Data are shown as the event number/total number (%), unless otherwise indicated.

^aAdjusted for the baseline variables with a significant difference of p < 0.05 between both groups, including occlusion site, tandem lesions, TOAST subtype, intravenous thrombolysis.

^bAdjusted for the propensity score.

^cThe OR values were calculated using a binary logistic regression model.

^dThe β-coefficients were calculated using a generalized linear model.

^eThe common OR values were calculated using an ordinal logistic regression model and indicated the odds of improvement of 1 point on the mRS at 90 days.

^fDefined as mTICI of 2b-3.

^gDefined as mTICI of 3.

^hAccording to the Heidelberg Bleeding Classification.

CI, confidence interval; DA, direct aspiration; ICH, intracranial hemorrhage; IQR, interquartile range; mRS, modified Rankin Scale; mTICI, modified Thrombolysis in Cerebral Infarction; OR, odds ratio; SR, stent retriever; TOAST, Trial of ORG 10172 in Acute Stroke Treatment.

Regarding the secondary and safety outcomes, multivariable analyses demonstrated that patients who underwent DA-first had a lower chance of complete recanalization after first-device alone (24.5% versus 51.8%; OR = 0.33, 95% CI = 0.20–0.53; p < 0.01), more thrombectomy passes (median: 2 versus 1; β = 0.79, 95% CI = 0.53–1.05; p < 0.01), higher likelihood of rescue treatment (62.8% versus 27.0%; OR = 4.55, 95% CI = 2.92–7.08; p < 0.01), switching to other thrombectomy devices (56.9% versus 4.0%; OR = 27.67, 95% CI = 16.28–47.01; p < 0.01), and any ICH within 24 h (35.4% versus 22.1%; OR = 1.78, 95% CI = 1.12–2.83; p = 0.02) than those who underwent SR-first. No significant differences were found between both groups in the remaining secondary and safety outcome measures.

As a sensitivity analysis, similar results were observed in the models with propensity score adjusted (Table 2).

Subgroup analysis

As shown in Figure 2, exploratory subgroup analyses showed significant heterogeneity in treatment effects on the primary outcome among the studied subgroups stratified by occlusion site, underlying ICAD, and TOAST subtype (p for interactions <0.05); however, similar treatment effect sizes on the primary outcome were seen in the studied subgroups stratified by tandem lesions, and prior intravenous thrombolysis (p for interactions >0.20).

Figure 2.

Treatment effects on the primary outcome according to exploratory subgroups.
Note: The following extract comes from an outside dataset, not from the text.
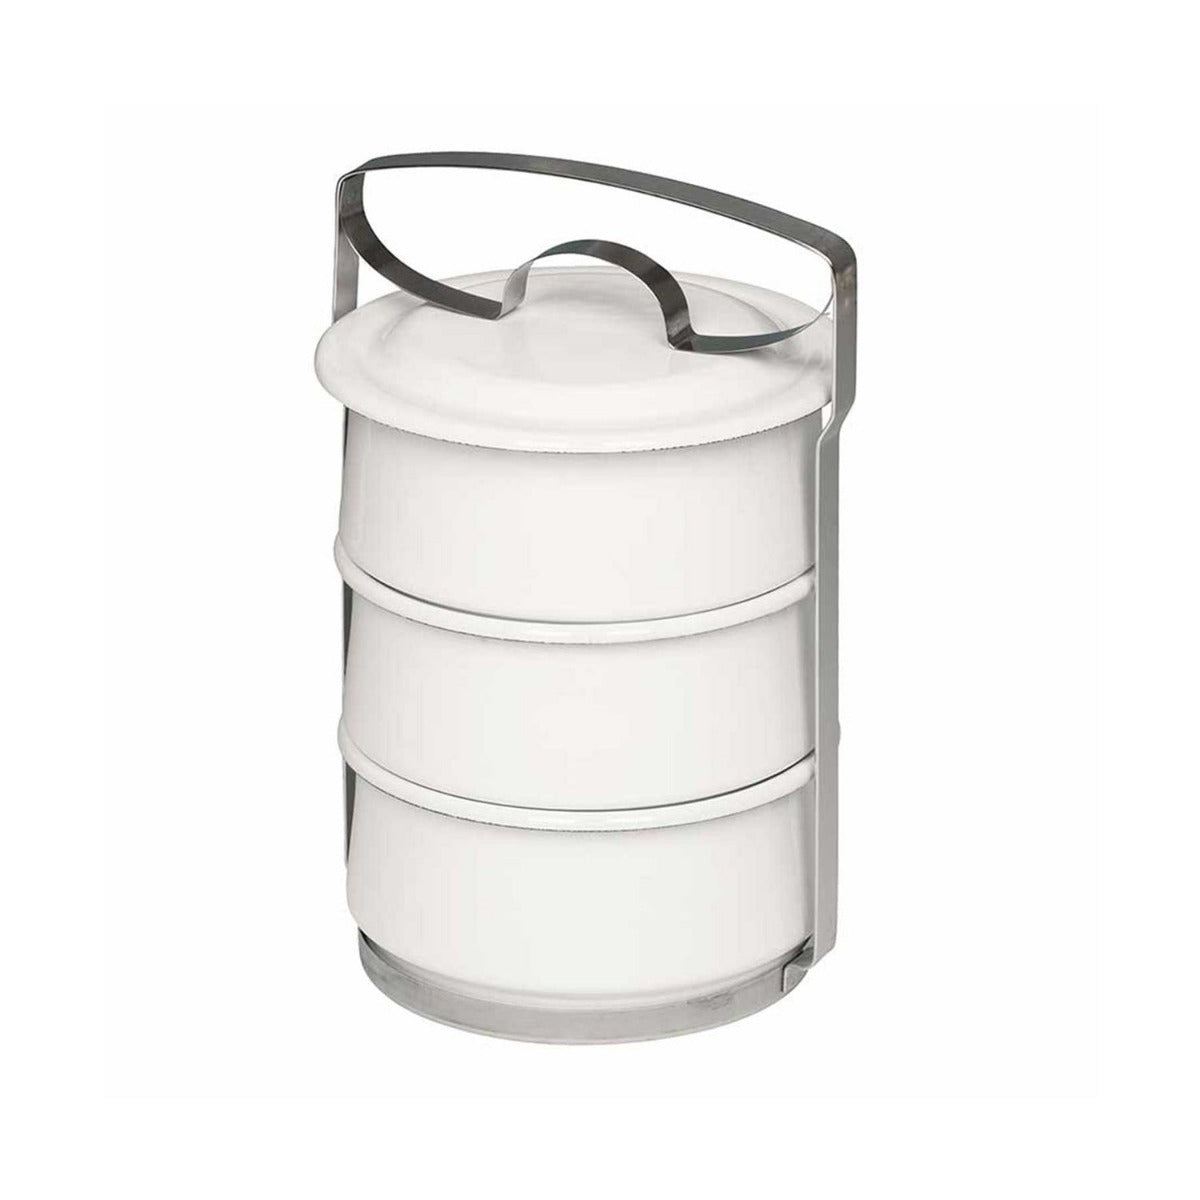 Riess 3 Tier Enamel Food Container

^aAdjusted for the propensity score.

^bA total of 128 patients with other intracranial artery occlusions were excluded.

^cA total of 139 patients with undetermined ICAD were excluded.

CI, confidence interval; DA, direct aspiration; ICAD, intracranial atherosclerotic disease; OR, odds ratio; SR, stent retriever; TOAST, Trial of ORG 10172 in Acute Stroke Treatment.

Discussion

The major findings of this study were (1) the number of patients undergoing DA-first thrombectomy for acute LVO in China was far less than that of SR-first approach during the study period (ratio of DA-first to SR-first was approximately 1:11); (2) DA-first thrombectomy was associated with lower recanalization after first-device alone, more thrombectomy passes and requiring rescue treatment (specifically switching to other thrombectomy devices), and increased risk of any ICH within 24 h; (3) DA-first and SR-first modalities showed no significant difference in terms of the final recanalization rate after rescue treatment and 90-day functional outcomes; and (4) significant heterogeneity in the treatment effects on the first-device successful recanalization was found in the subgroups stratified by occlusion site, ICAD, and TOAST subtype.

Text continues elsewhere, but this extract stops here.